Con esas y otras claves, desarrolladas en la introducción, Pacheco profundiza en los perfiles y matices del modernismo mexicano, en las marcadas diferencias de sus exponentes, delimitando su contexto histórico ligado al Porfiriato y arrojando luces en torno de otros movimientos filosóficos y literarios que incidieron en sus poéticas. Por eso mismo va más allá de las fuentes bibliográficas inevitables —Max Henríquez Ureña, Federico de Onís et al—, que las conoce y las discute para traer al magma de la discusión a autores como Walter Benjamin y Cyril Connolly que amplían el espectro de ideas sobre el espíritu moderno, piedra de toque de las estéticas que circularon a finales del siglo XIX y principios del XX.

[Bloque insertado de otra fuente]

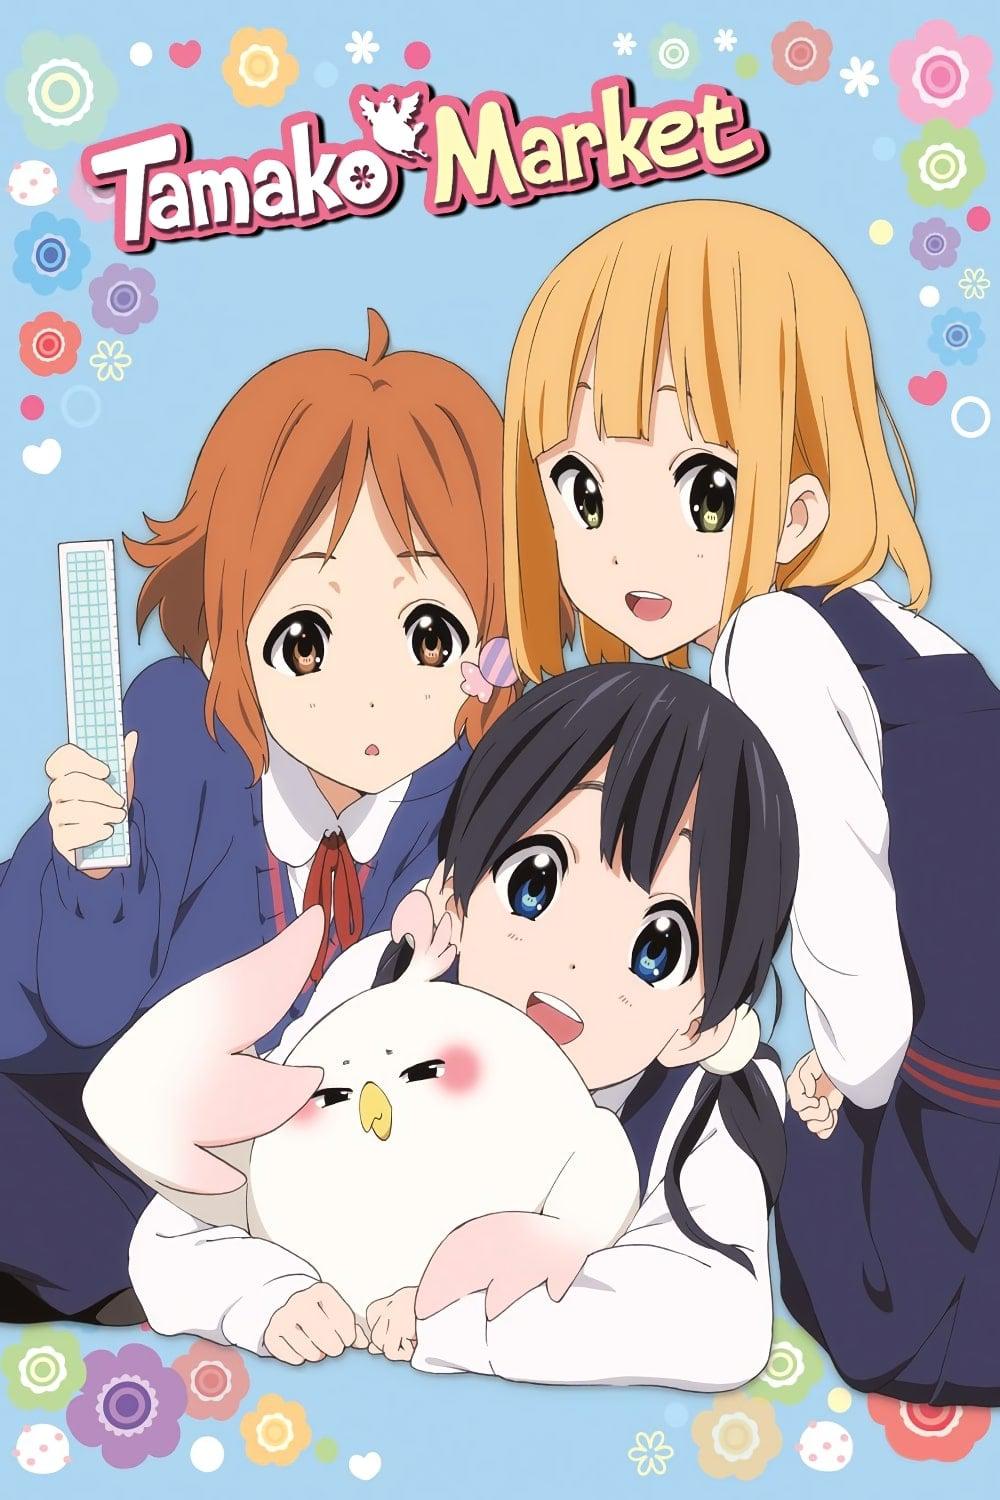 TV ratings for Tamako Market (たまこまーけっと) in Japan. Pony Canyon TV series

Además de ese prólogo magistral, propositivo y de gran calado, Pacheco escribe una monografía para cada uno de los poetas. Las de Gutiérrez Nájera, Díaz Mirón, Othón, Urbina, Nervo, Tablada, González Martínez y López Velarde son ensayos ejemplares, agudos y amenos en su exposición que incluyen, además del riguroso apunte biográfico, una lectura de su lírica enmarcada en su respectiva tradición. Otro deleite para el lector son las notas a pie de página que el crítico ha llevado a la dimensión de un nuevo género literario: información valiosa que rebasa lo trivial, apunte luminoso que explica y comparte una experiencia estética, contrapunto que amplía la intensidad de las interrogantes. Para esta nueva aparición, se invitó a David Huerta, Óscar de Pablo y Leopoldo Laurido para cotejar las versiones de los poemas incluidos con las publicadas en las obras completas de varios de los autores. Trabajo arduo y necesario. Asimismo, José Ramón Ruisánchez, encargado de la edición, actualizó la bibliografía. En el perfil de Alfredo R. Placencia, lamentablemente, hay datos y alusiones erróneas. El año de su nacimiento es 1875 y no 1873; la “R” no es de Román sino de Ramón, nombre que tomó el poeta del padre tras su muerte; uno de los pueblos donde fue párroco es Amatitán y no Amatitlán… El autor de El libro de Dios no “Habitó en una de las zonas más afectadas por la Revolución” como escribe Pacheco, quien luego cita versos del propio Placencia que aluden en realidad a la muerte de su hermano Higinio, soldado federal, ocurrida en Jerez. Por otra parte, el editor confunde a Francisco León González con el poeta Francisco González León, quien nunca escribió El gesto de la angustia. Aforismos que se le acredita. Fuera de esas minucias, enmendables, la circulación de esta obra es un obsequio de primer orden para los nuevos lectores.